Gonzaï c'est déjà un site internet (www.gonzai.com) créé en 2007 abordant la culture et la musique sous l’angle du parti-pris et de la subjectivité – à la limite de la mauvaise foi, traitant toutes les semaines de contre-culture, de rock sous toutes ses formes, de mouvements culturels et de personnalités cultes de la pop culture.

Le magazine Gonzaï c'est aussi un formidable agence tous risques composée de :

Bester (dit Hannibal à dix balles) : fondateur et rédacteur en chef de Gonzai.com mais aussi responsable des soirées Gonzaï et co-gérant de l'agence Ivox sous le nom de Thomas Ducres. Il aime : les chemises hawaïennes, la série Seinfeld, les musiques futuristes à base de synthétiseurs et accessoirement aime quand un plan se déroule avec plein d'accrocs.

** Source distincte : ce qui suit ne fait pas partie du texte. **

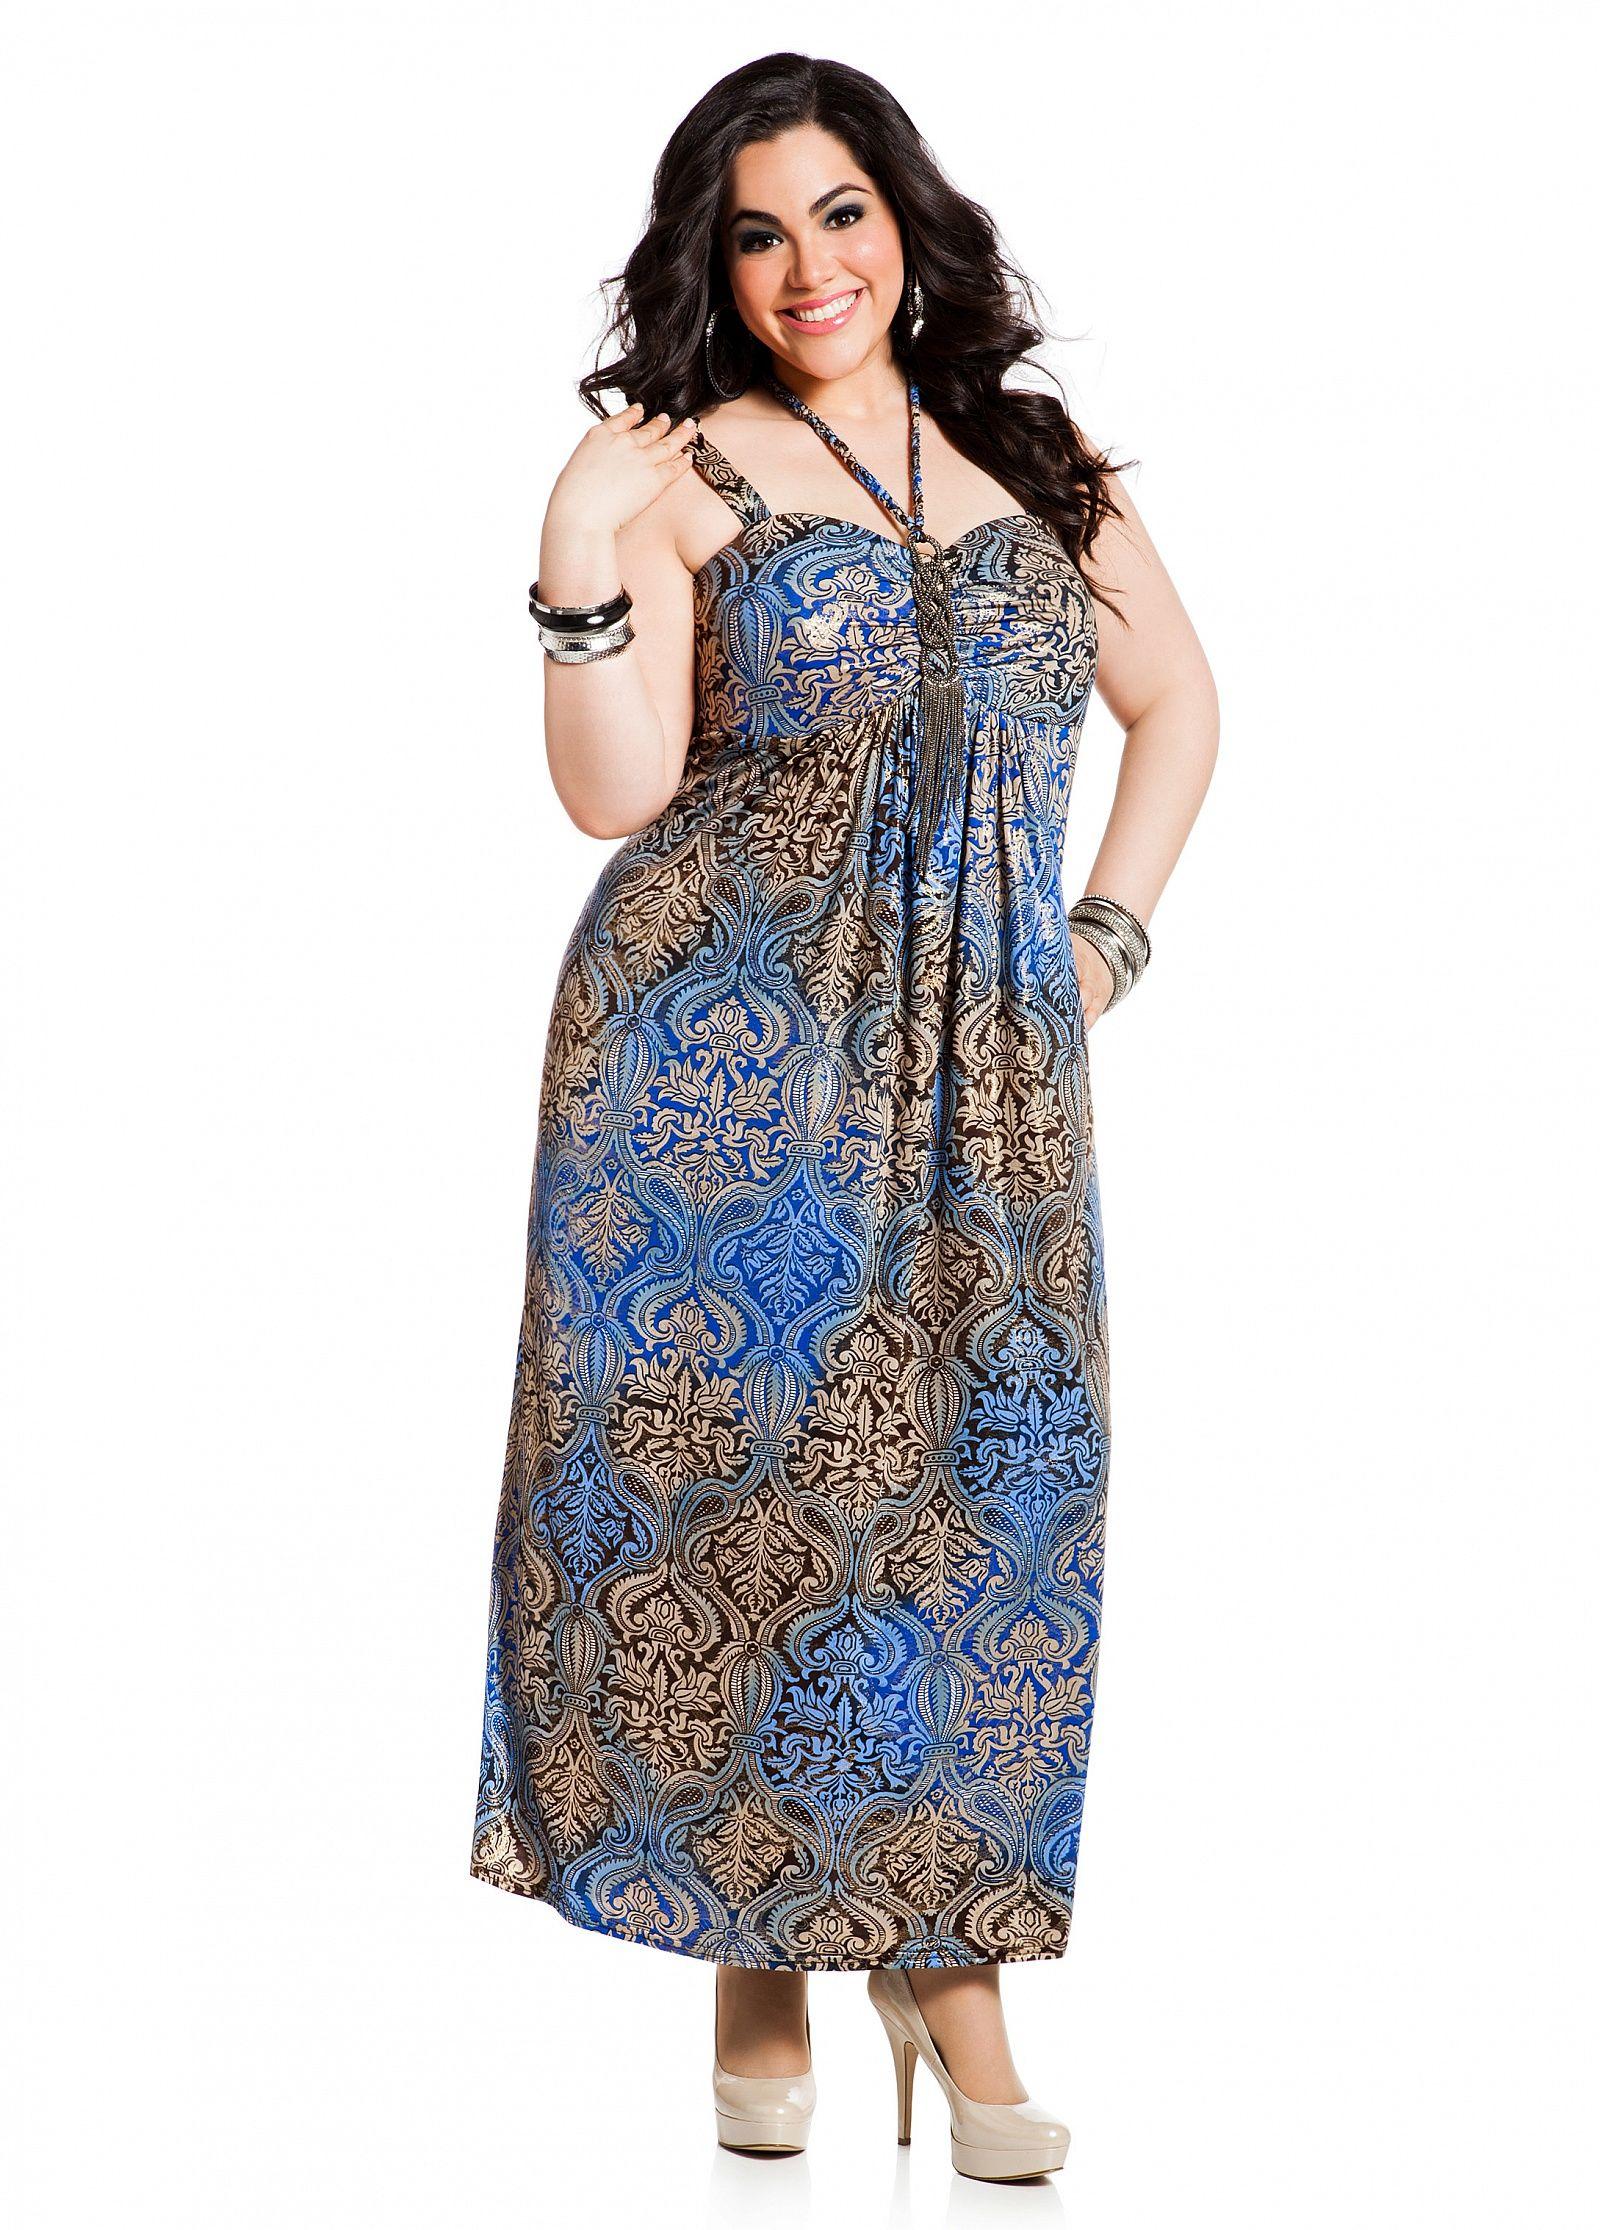 Ashley Stewart Web Exclusive Foil Yoryubatik Print Maxi Dress Plus Size Maxi Dresses Plus Size Outfits Dresses [ 2230 x 1600 Pixel ]

Thomas Florin (dit le petit Barracuda) : co-fondateur de Gonzai.com, co-animateur de Radio Gonzaï sur Radio Campus Paris mais aussi journaliste pour Rock & Folk. Il aime : les vestes à franges, la dyslexie, Jon Spencer et les disques chrétiens de Bob Dylan.

Bob le Flambeur (dit Looping) : pilier de Gonzaï et co-organisateur des soirées Gonzaï, mais aussi limonadier des nocturnes parisiennes. Passionné par toutes les cultures interlopes, il aime : Captain Beefheart, Chabrol, sa pedal steel, les Monty Python et accessoirement il ne crache jamais sur un bon bourgogne.

Christophe Deodato (dit Futé) : Homme de l'ombre et renard des surfaces, pilier du bar Gonzaï depuis les débuts et experts en stratégies déroulées sur des Powerpoint géants. Il aime : les Cure (personne n'est parfait), la pop française, le foot et Marcello Mastroianni.

Gonzaï c'est surtout une équipe composée de : 

un Directeur Artistique qui brave tous les défits, un maquettiste qui ne dort que d'un oeil, une correctrice astygmate, plus de trente pigistes Gonzaï dévoués à la cause, cinq photographes, dix illustrateurs, un réalisateur ainsi qu’un community-manager prêt à tweeter sa mère pour te convaincre que Gonzaï est la plus belle chose qui soit arrivée à l'Homme depuis l'invention de la roue de la fortune.